Voxtral TTS architecture.

This model is a transformer-based autoregressive flow matching model built on Ministeral 3B. It consists of the following components:

3.4B Parameter Transformer Decoder Backbone
390M Flow Matching Acoustic Transformer
300M Neural Audio Codec (Symmetric Encoder/Decoder)

This model displays voice prompts (5 to 25 seconds) and text prompts in nine supported languages. For each audio frame, a transformer backbone predicts semantic tokens, and then a flow matching transformer performs 16 function evaluations (NFEs) to generate acoustic latencies.

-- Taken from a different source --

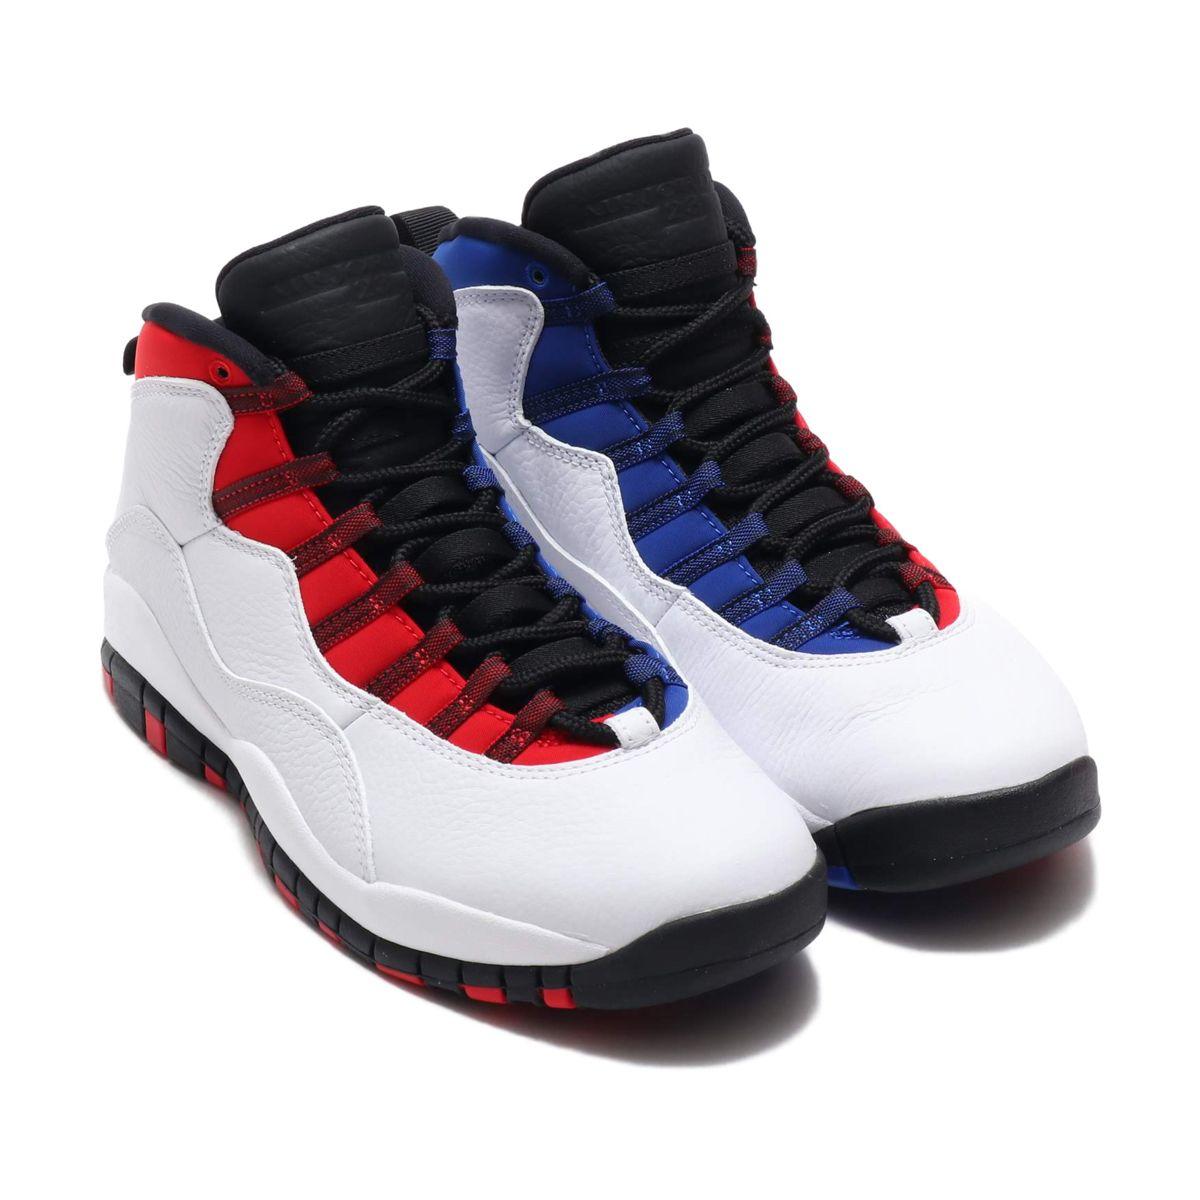 Blue and Red Jordan Logo - atmos pink: NIKE AIR JORDAN 10 RETRO (nostalgic Nike Air Jordan 10 ...
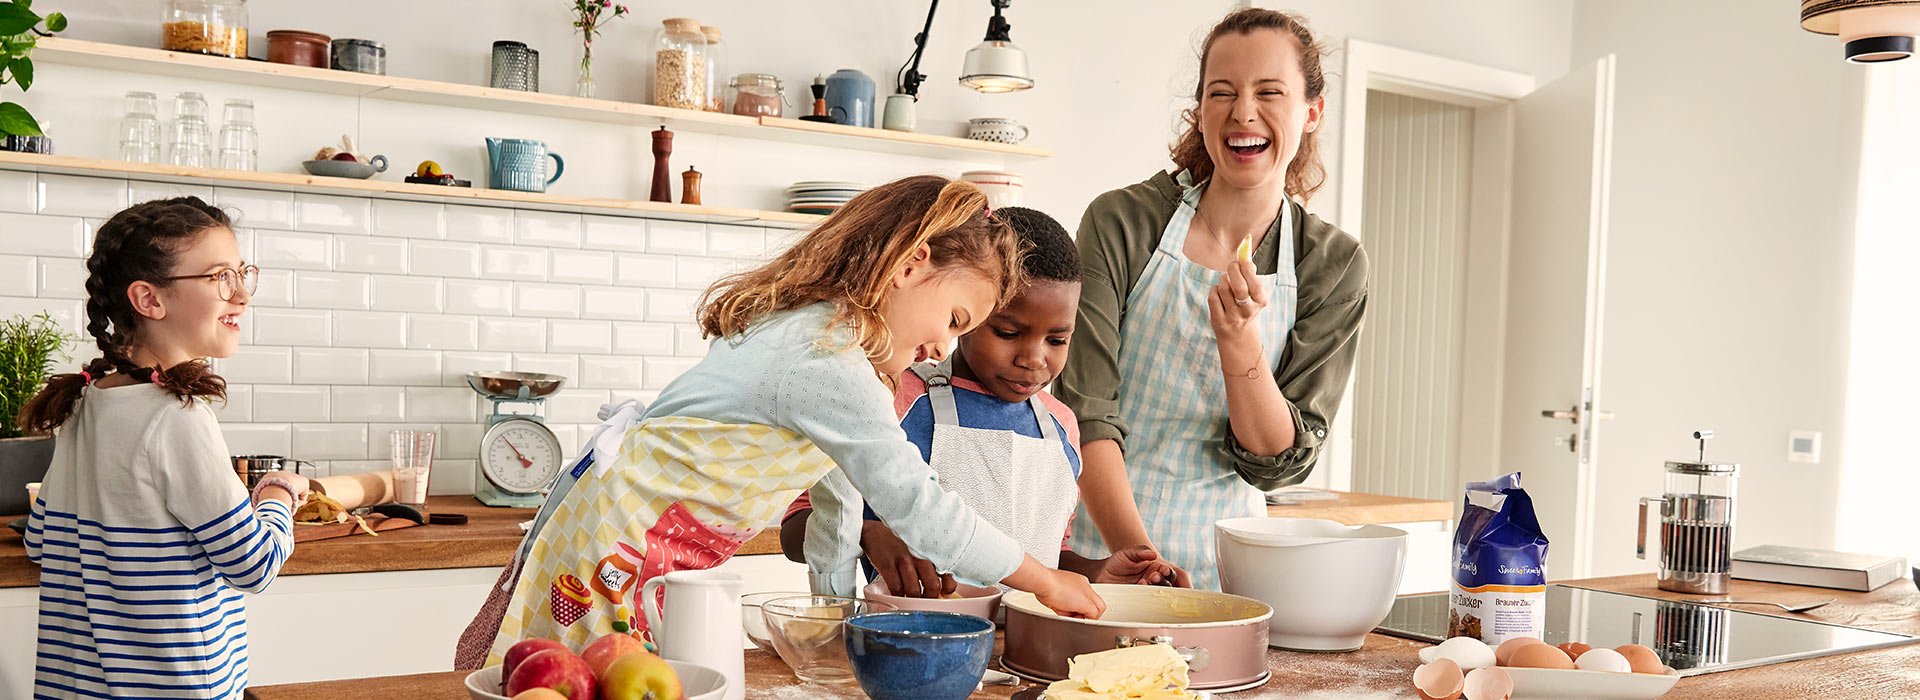 Eine Frau backt mit drei Kinden einen Kuchen. Sie freuen sich. Sie verwenden Produkte von SweetFamily

We have developed an in-house codec that uses semantic VQ (8192 vocabulary) and acoustic FSQ (36 dims, 21 levels) latent to causally process audio and produce it at a frame rate of 12.5 Hz.

Power your enterprise voice workflow.

Voxtral TTS closes the loop on audio intelligence and provides an output layer for enterprise voice pipelines that passes human testing. Work with Voxtral Transcribe for full text-to-speech, or integrate with your existing text-to-speech or LLM stack for cross-language support.

workflow

customer support

Voice agents route and resolve queries across channels in a natural, on-brand voice. Deploy Voxtral TTS into your existing contact support call system for automated voice response and integrate the output into your existing workflows.